GC suggested that we solve our next puzzle over dinner. We went to Fresh Choice. Here, I displayed a well-practiced skill where I totally excelled over my team-mates: I wolfed down a plate of pasta really, really quickly. Thus, I was able to get a head start on this puzzle.

The challenge: we had 3-D goggles. We had some pieces of card-stock printed with 3-D dots. We had a photo showing the start of how to assemble these pieces into a polyhedron based on a number rule.

I liked this puzzle because each of us had a key role:

I claim this was the most fun team-solve of the day.

Athletics: Not a Complete Waste of Human Effort

By the time we picked up our last puzzle, it was dark out. I was rocking the triclops head-lamp, so I could see, but that wasn't going to help Dwight or Pete much. But someone spotted a nearby tennis court. No-one was playing tennis there, but there were still some absurdly bright lights on there. We sat on a court-side bench and made some progress on this puzzle--but then the game ended.

As we left the tennis court, back into darkness, my triclops head-lamp seemed puny and dim--though it possesses the lighting power of three ordinary headlamps. I failed to think of a way to create a headlamp that bright which didn't need a power source bigger than me.

Lesson Learned: The phenomenon of tennis isn't totally useless; it's especially useful if there are no players.

Afterparty

I was, as usual, a sleepyhead at the party. This was a pity because there was a lot of interesting stuff going on.

JessicaLa had brought the New Improved Hogwarts Wands. I'd read some notes about how folks had improved the wands for the Microsoft Intern Hunt, but it was pretty cool to see it in real life.

I asked Doug Zongker why he was volunteering instead of playing. He said that he'd playtested the game because he couldn't play on game day. I pointed out: Bu-but he'd volunteered all day Game day, so he was free. He explained: The Burninators wanted to play on the first weekend, the "competitive" weekend, and he'd been busy that day. (It's times like this when I'm glad to be on an "also-ran" team.)

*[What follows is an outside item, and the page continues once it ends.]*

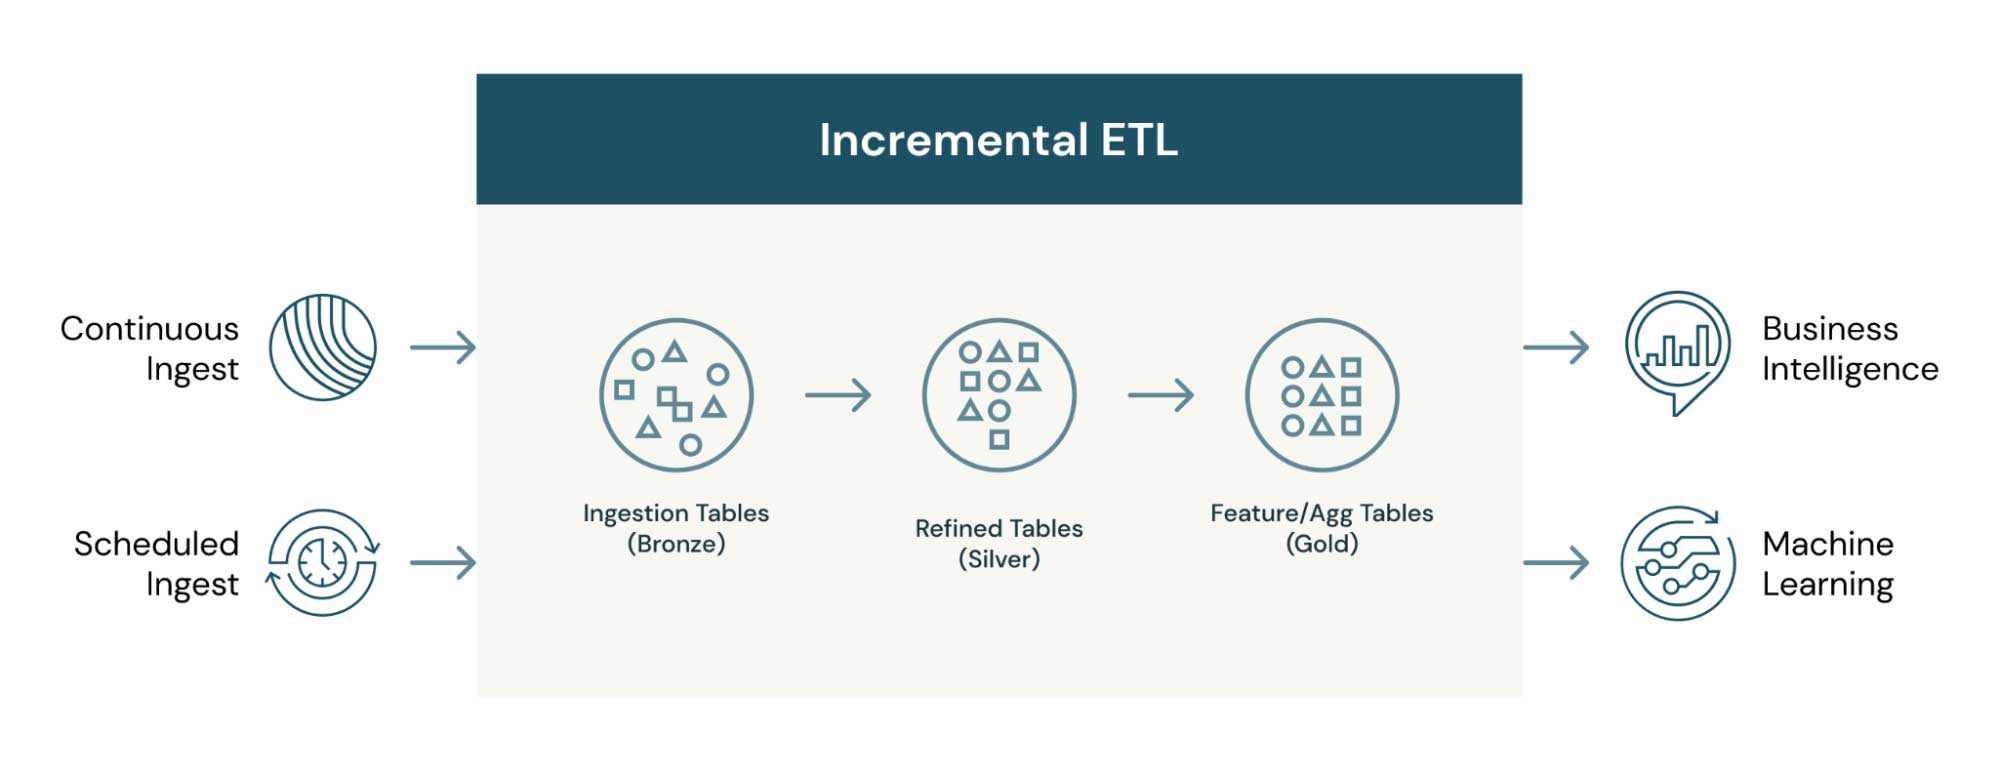 Databricks の増分 ETL プロセスは、メダリオン（ゴールド・シルバー・ブロンズ）テーブルのアーキテクチャを可能かつ効率的にします。あらゆるデータ消費者は、ニーズに合った適切なキュレーションデータセットの利用が可能になります。

Finally, when the Just Passing Through folks were thanking volunteers, they gave exta-big thanks to Ian Tullis. He'd said that he was volunteering for this hunt, but I hadn't picked up on his level of involvement. Which, it turns out, was big--and would continue. This seemed like it could be a good fit. Brent had mentioned that after putting on so many hunts, year after year, it was getting hard to keep thinking up fresh puzzle ideas. Ian always seemed to have another puzzle idea bubbling away.

So with hope for the future, Team Mystic Fish slipped away into the night towards welcome slumber.